**Dataset extract**
※ ※ ※

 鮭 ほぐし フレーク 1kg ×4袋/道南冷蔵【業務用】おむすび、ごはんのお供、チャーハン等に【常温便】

※ ※ ※

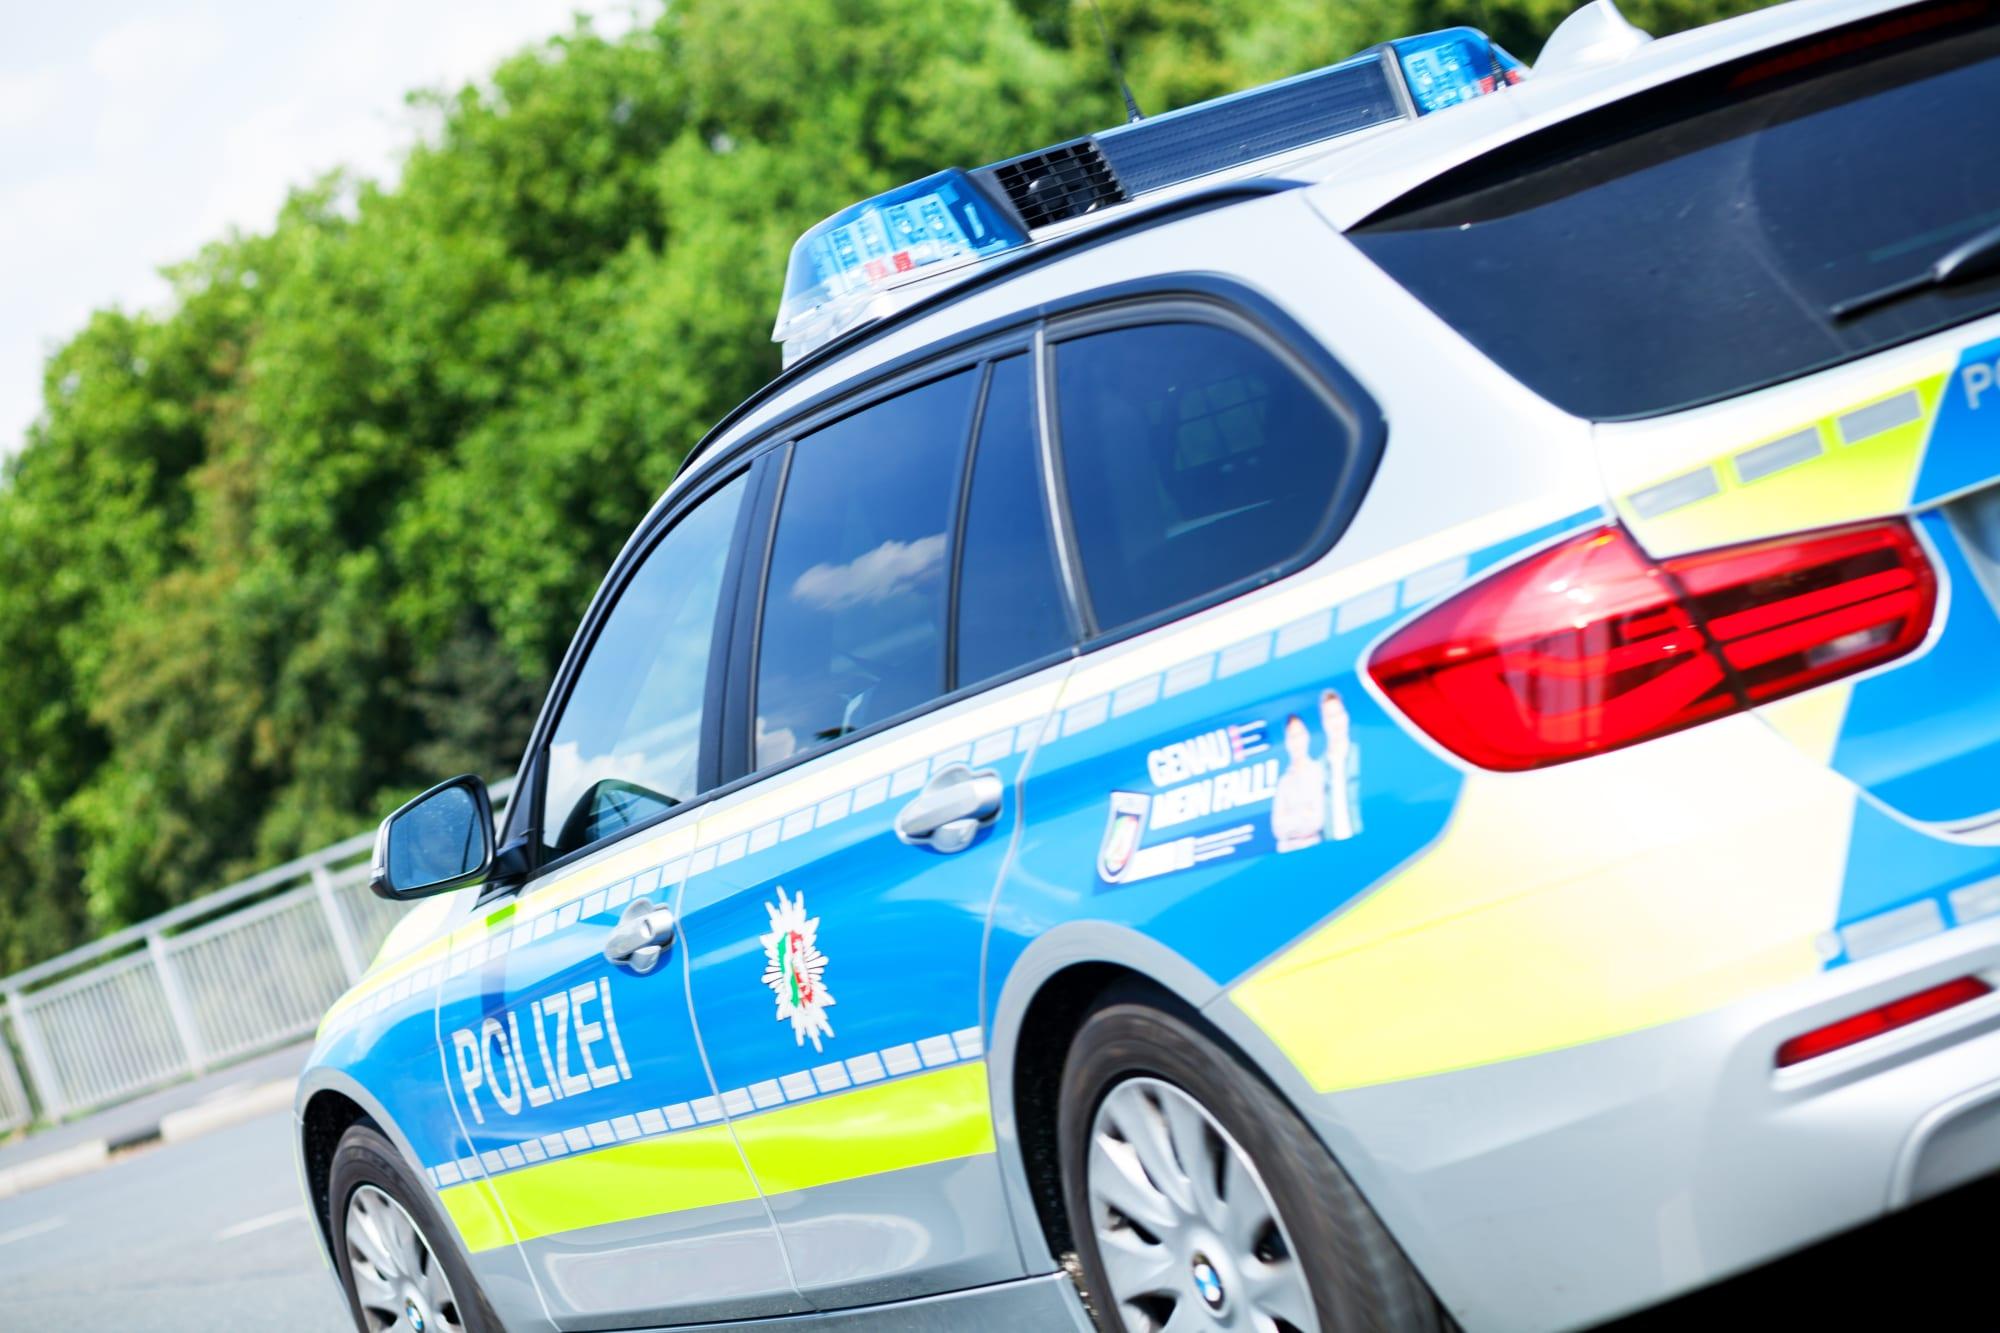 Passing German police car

※ ※ ※

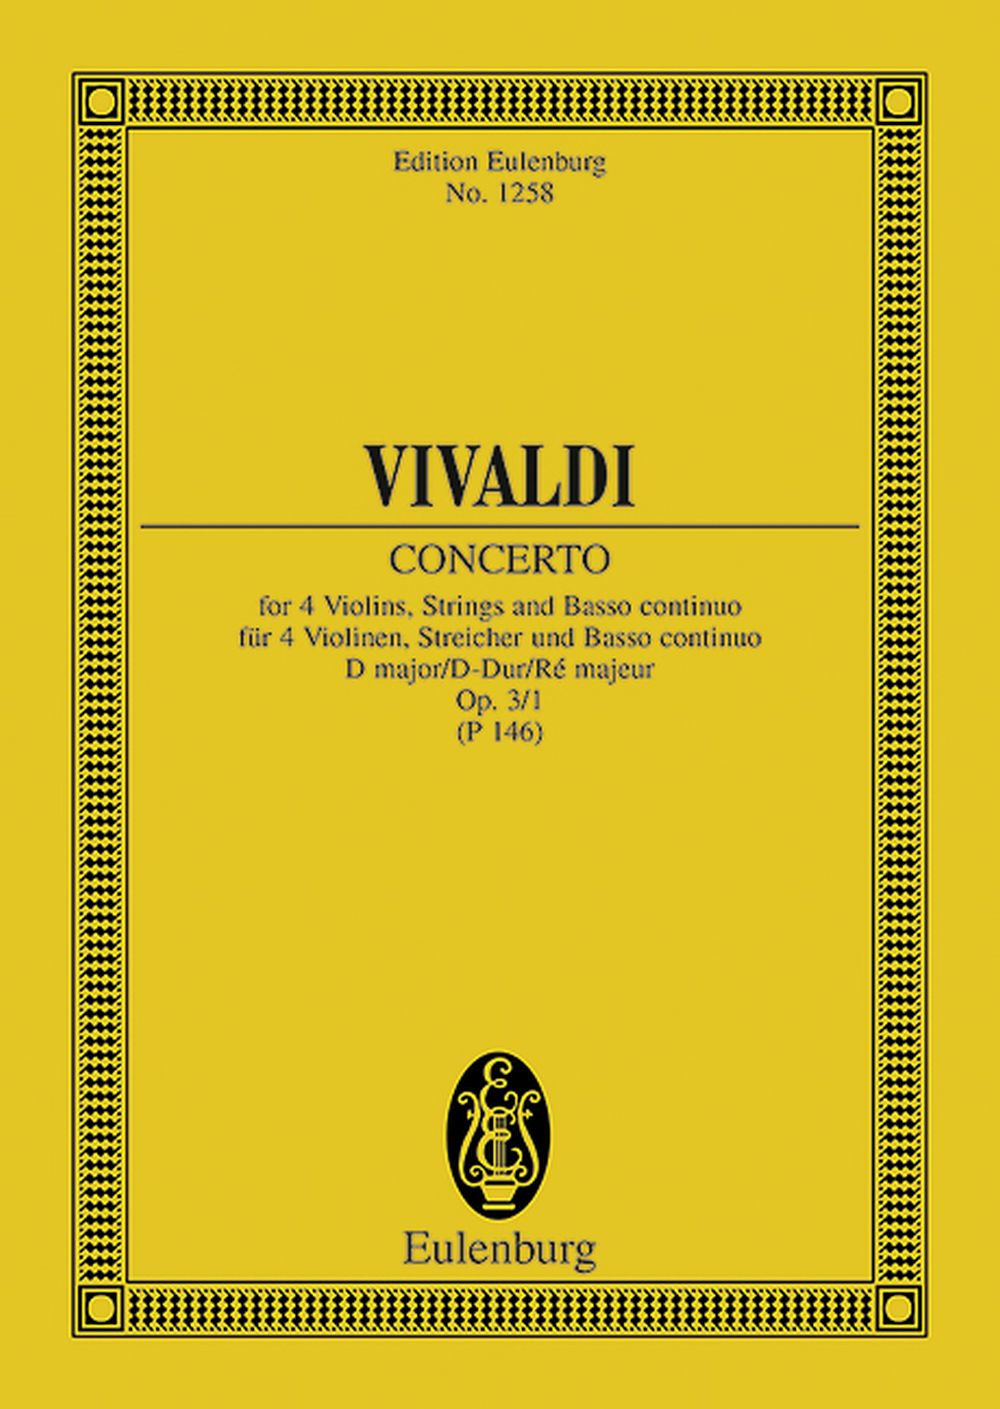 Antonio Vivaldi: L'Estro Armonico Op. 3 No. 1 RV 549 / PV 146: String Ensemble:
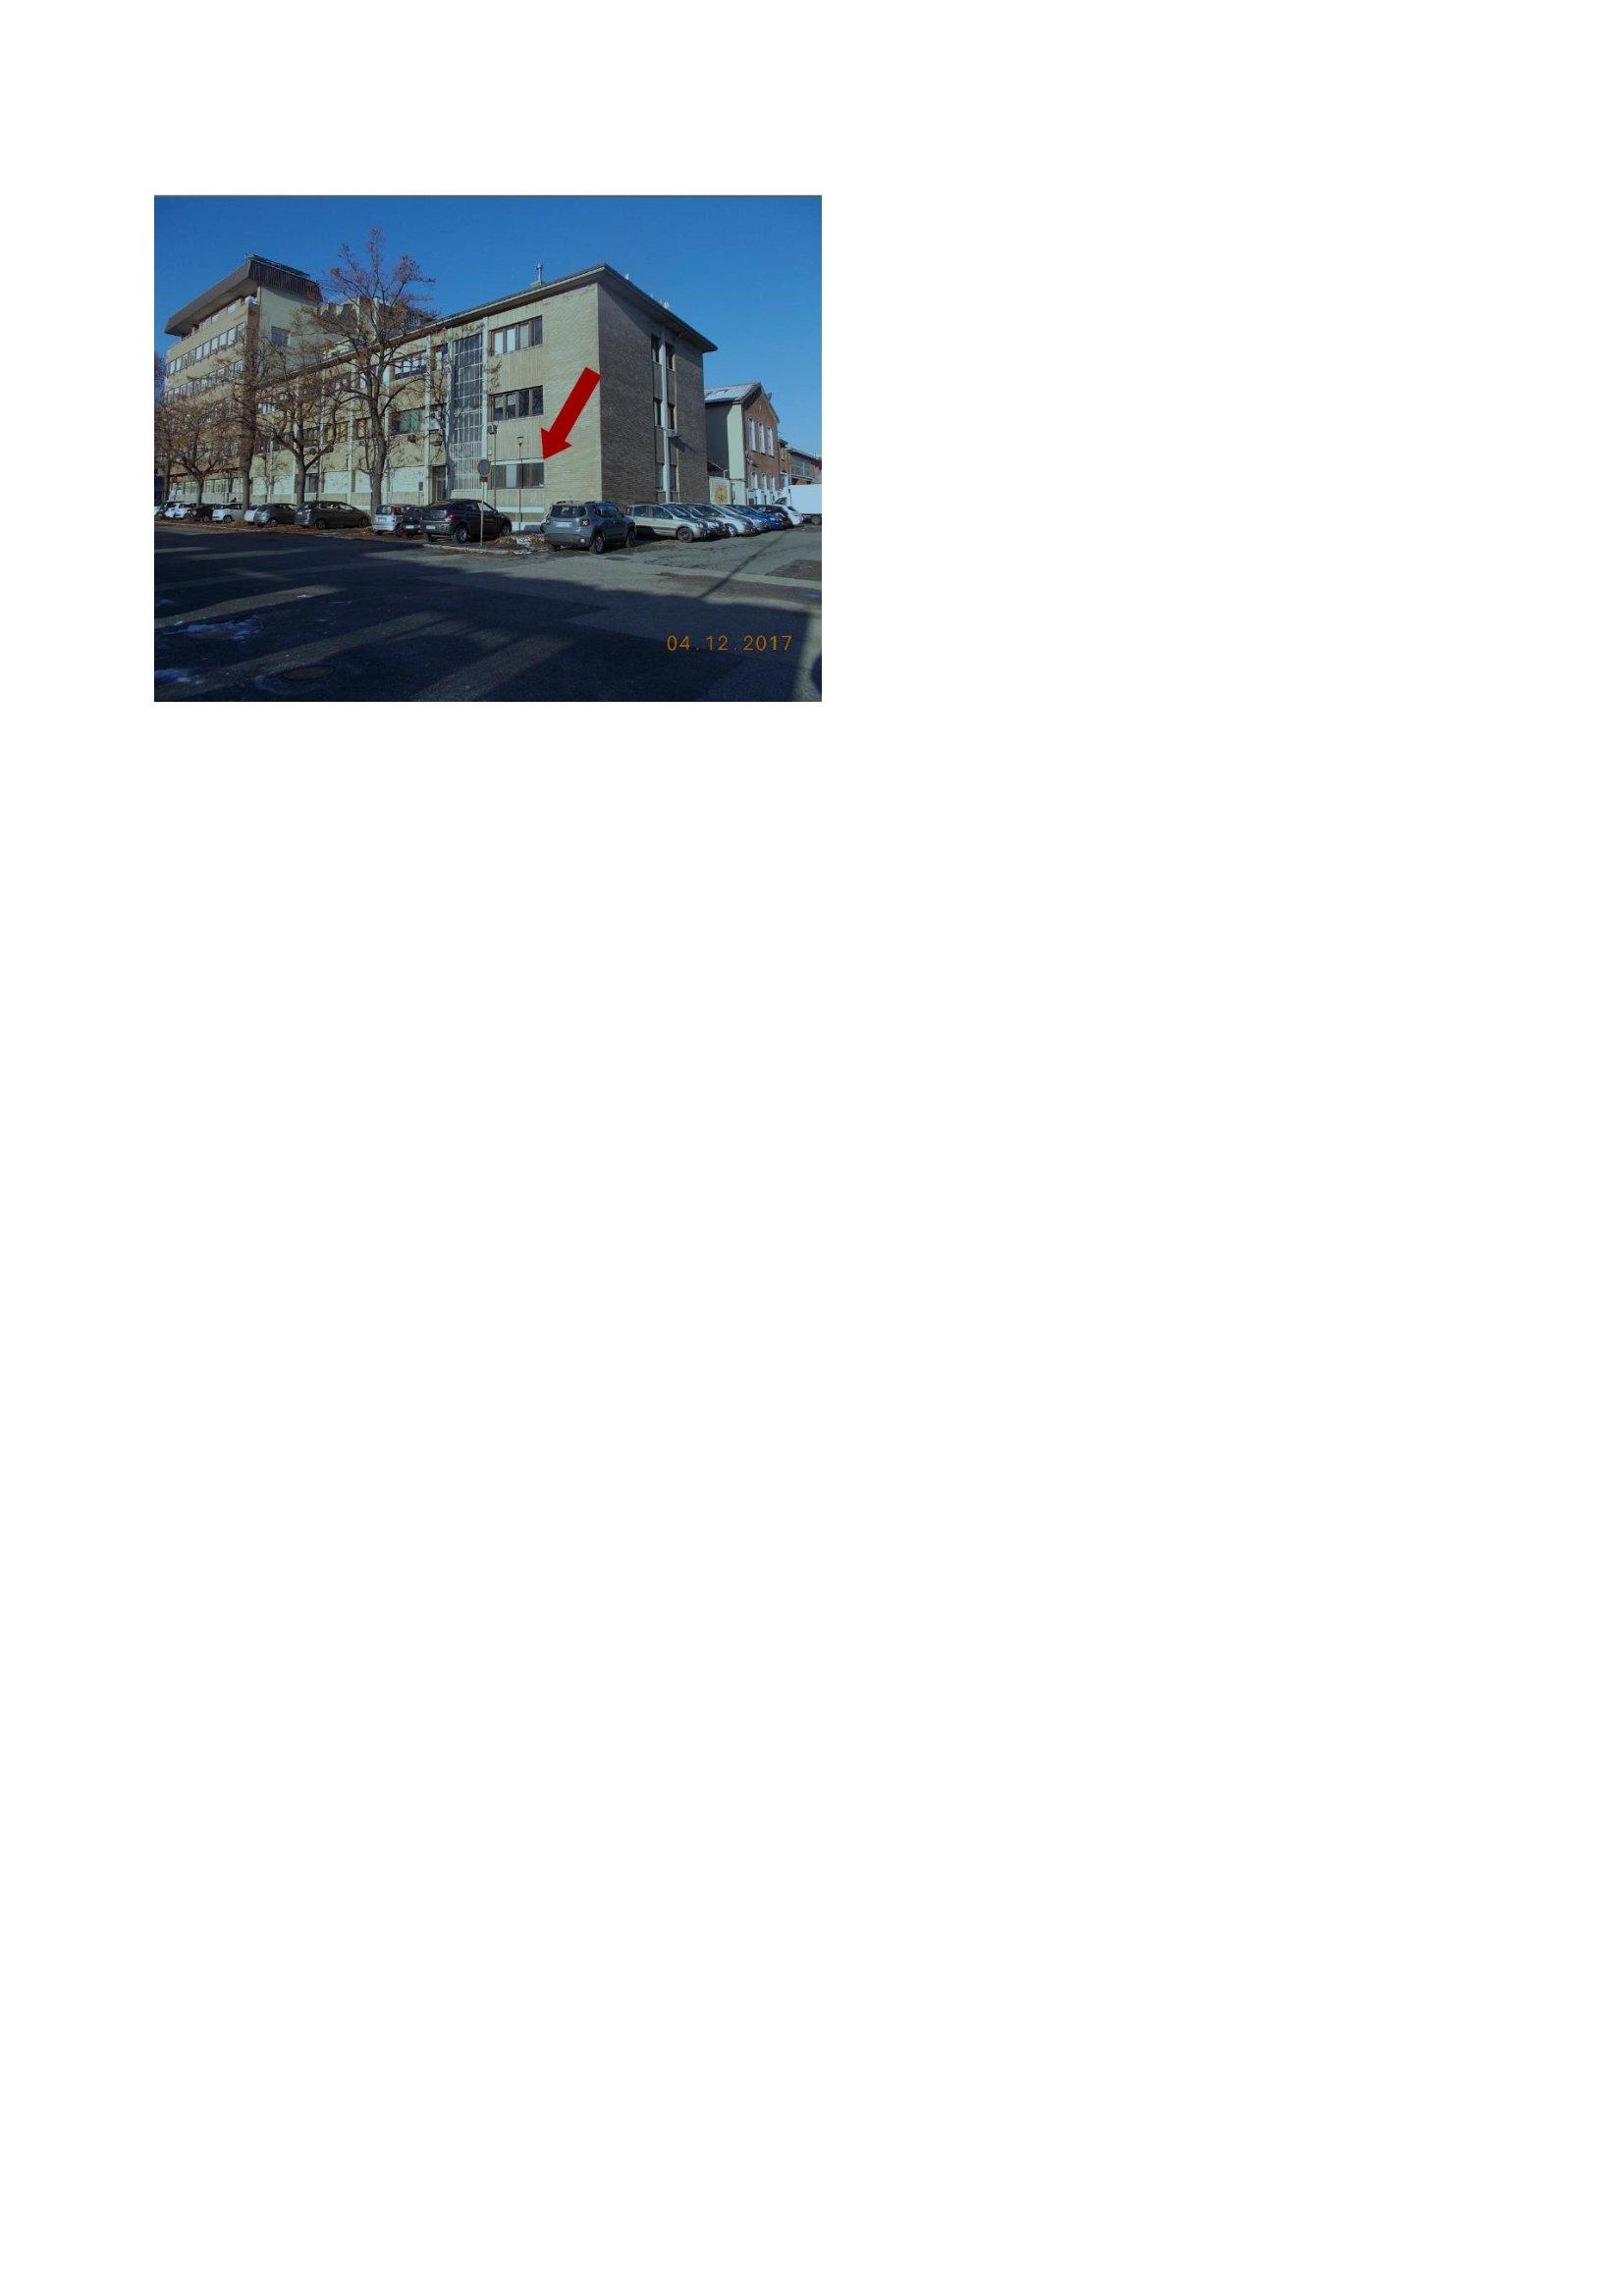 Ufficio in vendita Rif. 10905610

※ ※ ※

**Task to complete**
All pictures are to be skipped. Output, word for word, the lines in the data above starting at the line containing "Antonio Vivaldi: L'Estro" and ending at the line containing "Ufficio in vendita Rif. 10905610".

**Answer to this problem**
 Antonio Vivaldi: L'Estro Armonico Op. 3 No. 1 RV 549 / PV 146: String Ensemble:
 Ufficio in vendita Rif. 10905610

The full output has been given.